My theory is that my identity as a person with disability is co-opted in the service of making others feel good while delivering no benefit to me, or other people with disability.

Here is an illustration of how this works. The 2021 NSW Public Sector State of the Sector Report noted that people with disability are the most bullied segment of the workforce. It also noted (on page 39) that “Bullying, discrimination, sexual harassment and racism should not be tolerated.” Note the passive ‘should’, rather than an active ‘will’ or an imperative ‘must’. What is going on here?

On page 47 there is a graphic chart on bullying, which I will translated into approximate figures – people with disability 24+%, Aboriginal people 20+%. LGBTQI people around 17%. Two other groups over 15% were regional and frontline staff – that’s a whole different problem area.

On page 6, in Commissioner’s foreword, we read “The workplace experience for people with disability is an area in which I want to see us make significant improvements. There is much to be done to ensure people with disability feel they are included and belong in the workplace, and are supported to do their best work.” Note the expression “there is much to be done.”

The report does not say people with disability are inspiring. But the problem is the same. There is a problem – staff with disability are being bullied at a far higher rate than other staff. They are not, therefore, ‘supported to do their best work’. There is an acknowledgement that there is “much to be done”, but  bullying is only passively frowned upon. Conflicted and mixed messages.
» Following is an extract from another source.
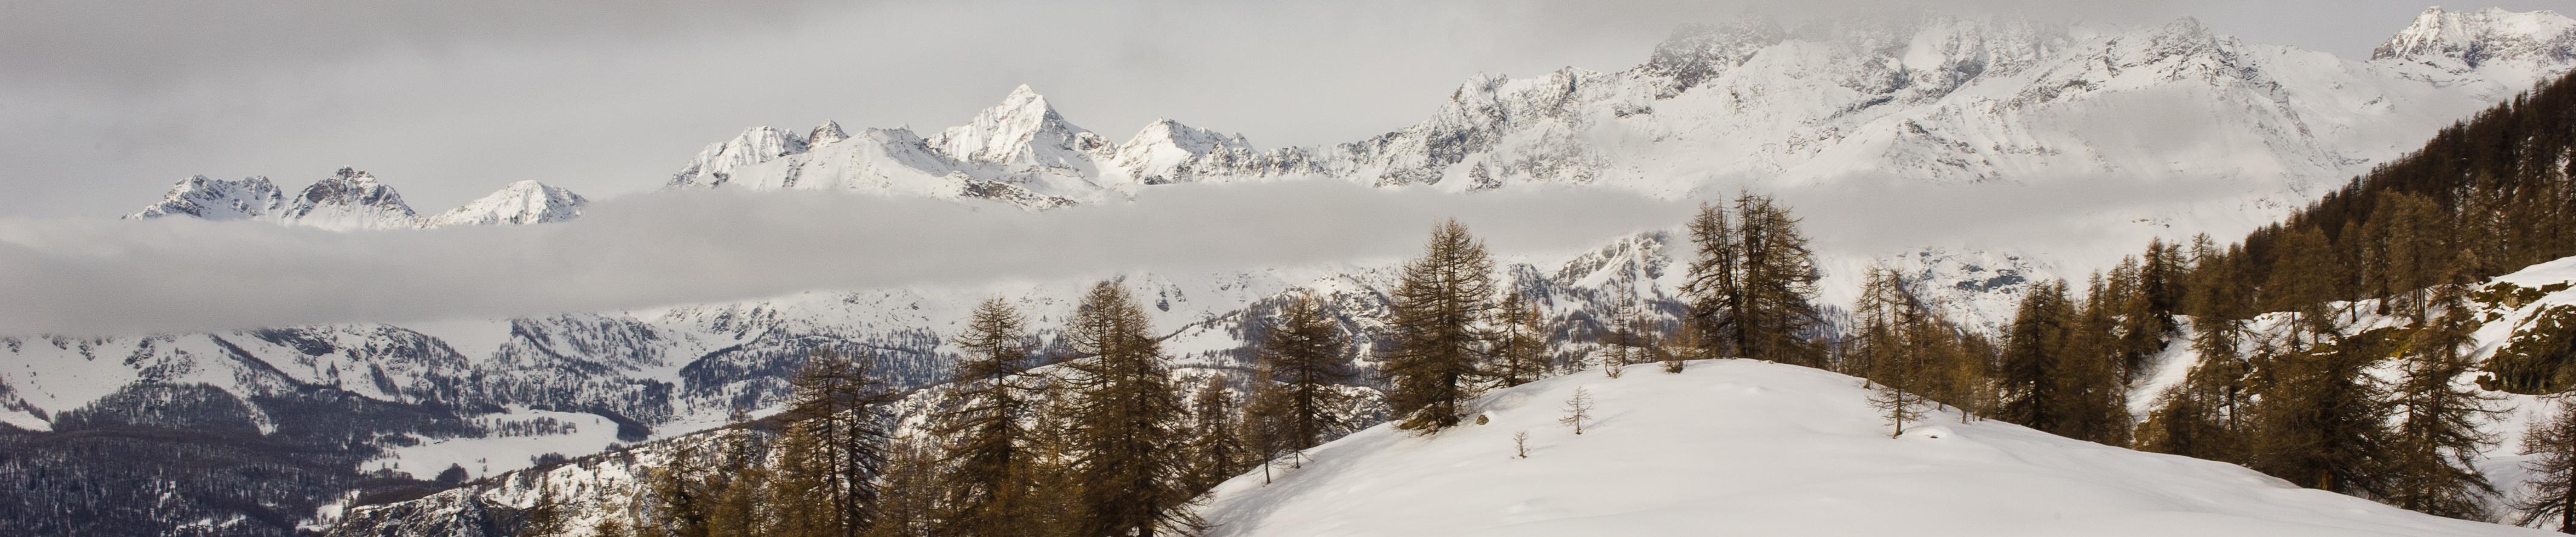 Visuale dall'Alpe Charey damon

But here’s the thing – if you are supposed to be committed to Disability Inclusion, but you aren’t really, making a show of being so is all that is needed. That showing can give you a dopamine fix and fool you into thinking the sentiment is real. Substituting sentiment for action is something we all do. This is why we fail at our efforts to convert a ‘new year’s resolution’ into action.

Saying you are committed to Disability Inclusion doesn’t mean you are. Only acting out that commitment is real.

This is a cranky point for me. When people express empathy for, or sympathy toward, people with disability but don’t do anything it comes across as a form of abuse. Our identity is used to serve their ends – they get the dopamine hit and we get nothing – except an expectation we should feel good because we have inspired somebody to express a positive sentiment. This is not okay.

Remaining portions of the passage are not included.